Microbial community analysis (MiCA, version 3; Department of Biological Sciences, University of Idaho; http://mica.ibest.uidaho.edu/) Web services were used to build a putative reference database of probable T-RF of the gut. For this purpose we incorporated 16S rDNA clone libraries of near complete sequences of gut microorganisms found in human (Eckburg et al., 2005), swine (Leser et al., 2002), mouse (Ley et al., 2005), and ruminants (Nelson et al., 2003; Ozutsumi et al., 2005) into MiCA, which we called the H.Q. database. This greatly facilitated analysis by excluding the T-RF that are unlikely to occur in the gut, because in general only 8 out of 26 recognized phyla and no candidate phyla of note have been found in the digestive tract (Leser et al., 2002; Rappe and Giovannoni, 2003; Eckburg et al., 2005; Ley et al., 2005). The fragment profiles produced by HhaI restriction of the 27 to 1100 product were applied to the H.Q. database in silico so that a reference library for our study could be constructed and exported to the phylogenetic assignment tool (Kent et al., 2003).
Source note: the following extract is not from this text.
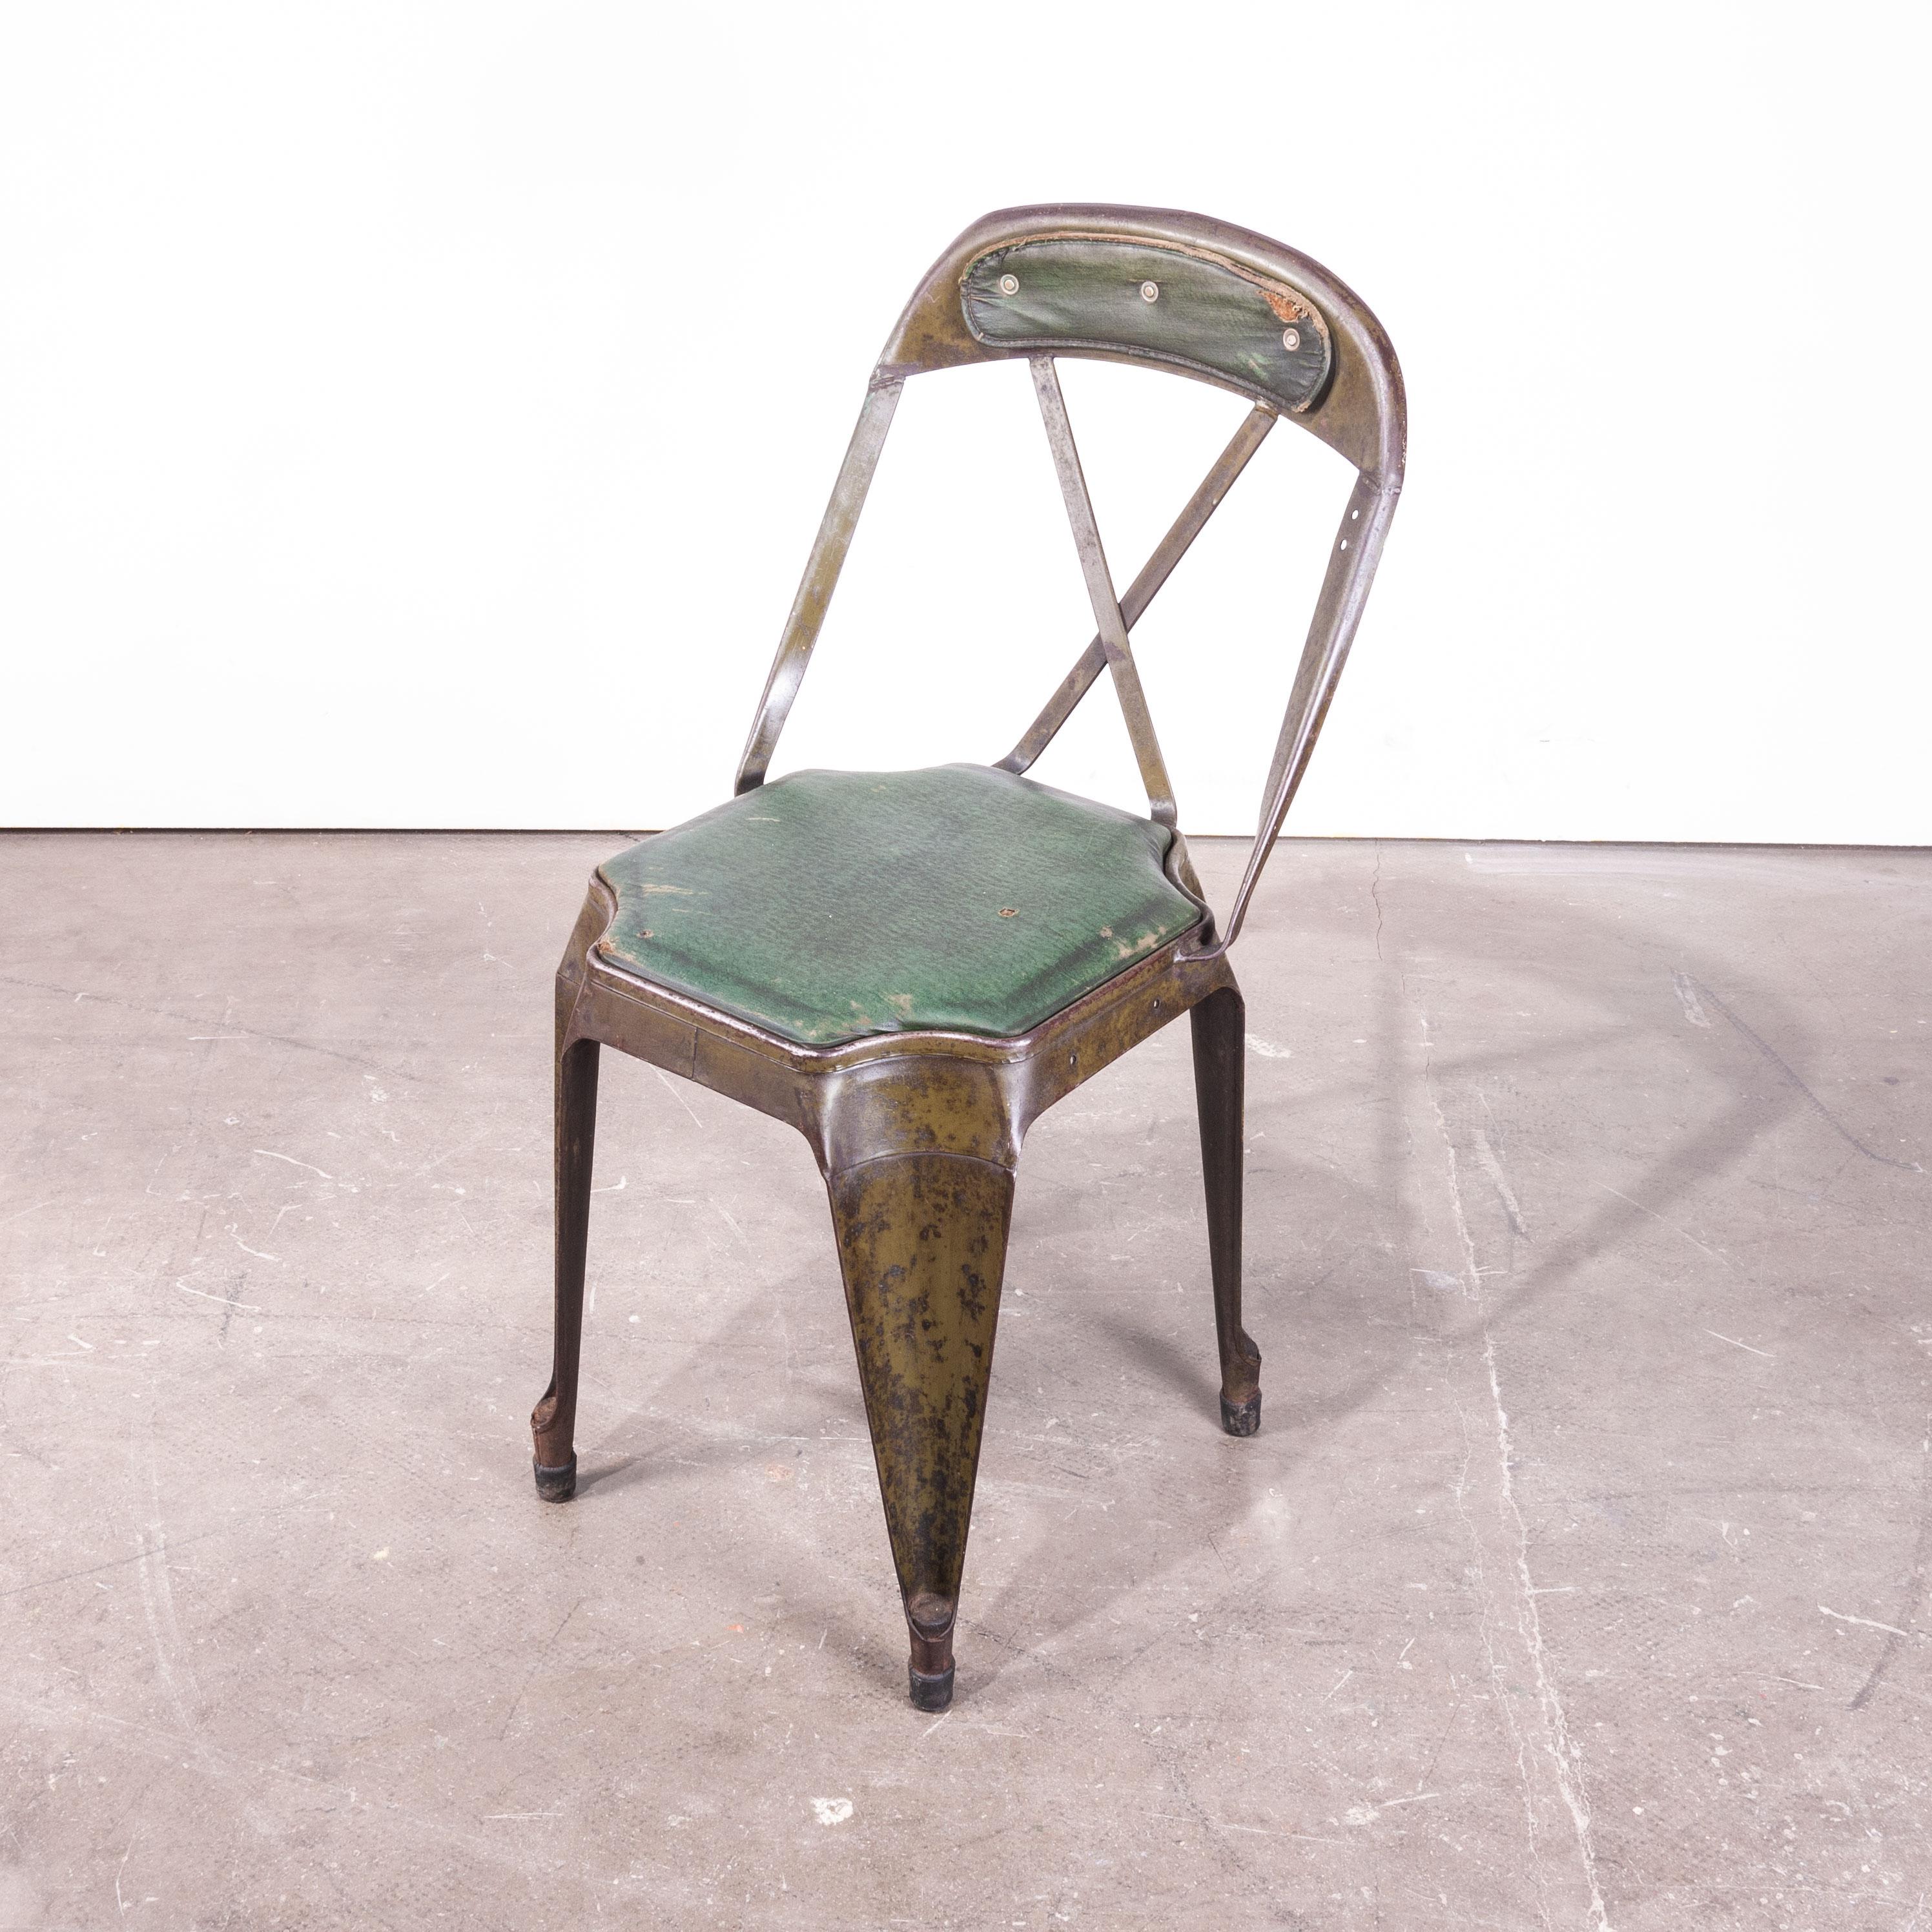 Steel 1930s Evertaut Cross Back Dining Chair For Sale

Concurrently, using T-RFLP data obtained from CEQ software (fragment sizes and peak areas), various profiles of interest were developed with reference to treatment. These libraries were entered into the hierarchical browser of the ribosomal database project (RDP-II, Cole et al., 2005) and converted to GenBank format. The resulting libraries were assigned to the library compare tool of RDP-II. The T-RF of the same size were in many cases ambiguous in their assignment of taxonomic rank (Sepehri et al., 2007). To resolve this problem the T-RF with multiple accession numbers were assigned to a taxonomic rank according to phylum, class, order, and family. Data were analyzed using Fisher’s exact test (SAS Inst. Inc., Cary, NC).
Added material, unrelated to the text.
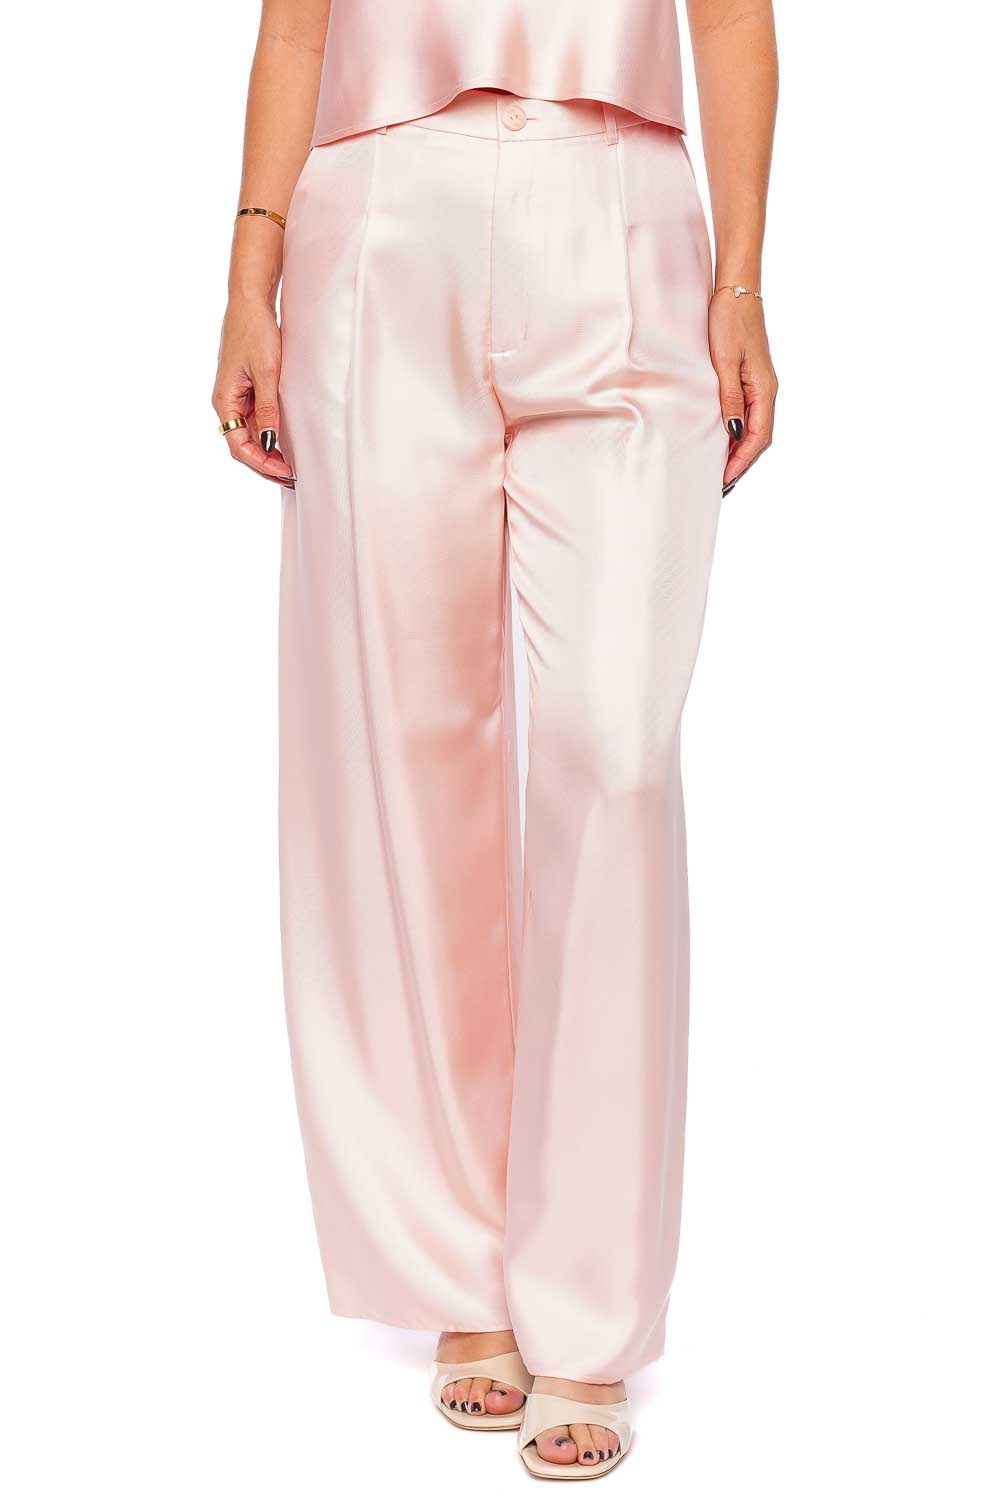 LAPOINTE Light Pink Silky Twill Pleated Pant

Richness and Diversity Indices

A diversity index is a mathematical measure of species diversity in a community. Diversity indices provide information about community composition and take the relative abundances of different species into account. The concept of diversity has 2 facets: richness or the number of taxonomic units, and evenness, or equality in the abundances of each taxonomic units. Incidence-based richness indicators, Chao2, ICE (incidence-based coverage estimator) and MMMean (Michaelis-Menten mean) function, along with Shannon and Simpson diversity indices, were calculated using EstimateS 7.5 (Colwell, 2005). Several estimators were selected because if indices follow the same trend regardless of the calculation method, the results are likely to be robust. An upper abundance limit of 5 was used to determine rare or infrequent species. The order of the samples was randomized 500 times for each run to reduce the effect of sample order. Tukey’s multiple comparison test (SAS Inst. Inc.) was applied to detect significant differences among experimental groups.

Chemical Analysis

Dietary CP was analyzed using a Leco NS 2000 Nitrogen Analyzer (Leco Corporation, St. Joseph, MI). Gross energy was measured using a Parr adiabatic oxygen bomb calorimeter (Parr Instrument Co., Moline, IL).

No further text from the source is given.